Apple, maker of the iPhone, has discarded allegations that its new iPad has battery problems.
Apple’s comment came after a report alleged that the new iPad is taking almost one hour longer to completely stop charging the battery of the device even after it indicates that it is fully charged.
Vice president of iPad product marketing at Apple, Michael Tchao, was quoted by AllThingsD as saying, “Apple does in fact display the iPad (and iPhone and iPod touch) as 100 per cent charged just before a device reaches a completely charged state. At that point, it will continue charging to 100 per cent, then discharge a bit and charge back up to 100 percent, repeating that process until the device is unplugged. Doing so allows devices to maintain an optimum charge.”
“The circuitry is designed so you can keep your device plugged in as long as you would like, it’s a great feature that’s always been in iOS,” Michael further explained.
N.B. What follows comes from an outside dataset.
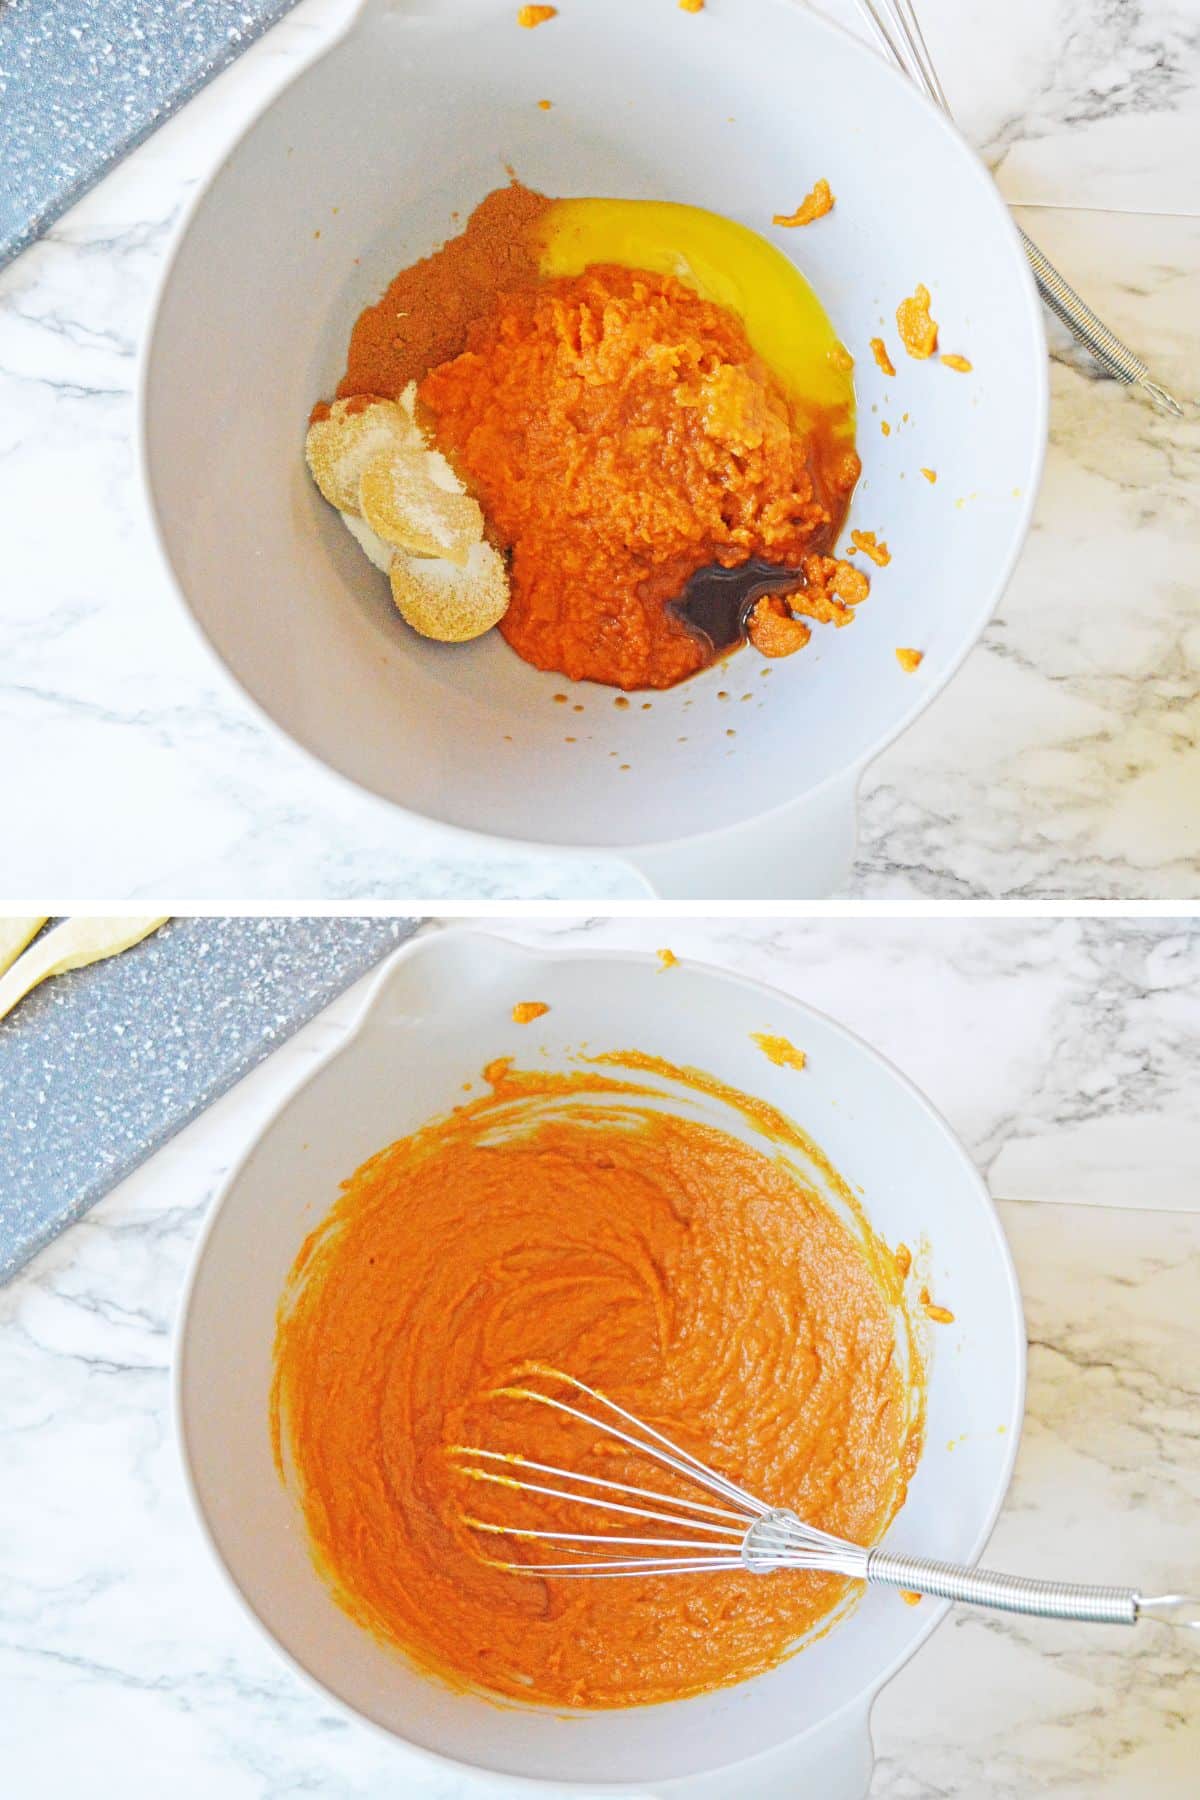 top photo: ingredients in mixing bowl. Bottom photo: ingredients mixed together to smooth orange mixture

The actual issue was brought to light just about a couple of days back when some users noticed the new iPad continued charging even after the battery showed 100 per cent charge.
According to Dr Raymond M Soneira of DisplayMate, the battery on the new iPad “does not actually reach full charge when 100 per cent is shown and needs up to an extra hour before the charging actually stops.” Following this, several other things like overcharging having adverse effects on the device’s battery were also reported, but Apple’s response to this issue seems to be putting an end to the battery issue.
The new iPad comes with Retina display and better hardware than its predecessor. Apple has even managed to sell about three million units of the tablet in eleven countries within the first three days of launch.
The new Apple iPad comes with a 9.7 inch touchscreen Retina display supporting 2048 x 1536 pixel resolution. The tablet is slightly thicker and a bit heavier than its predecessor. It houses an Apple A5X mobile processor and features a better 5 megapixel camera at the back for recording full HD video.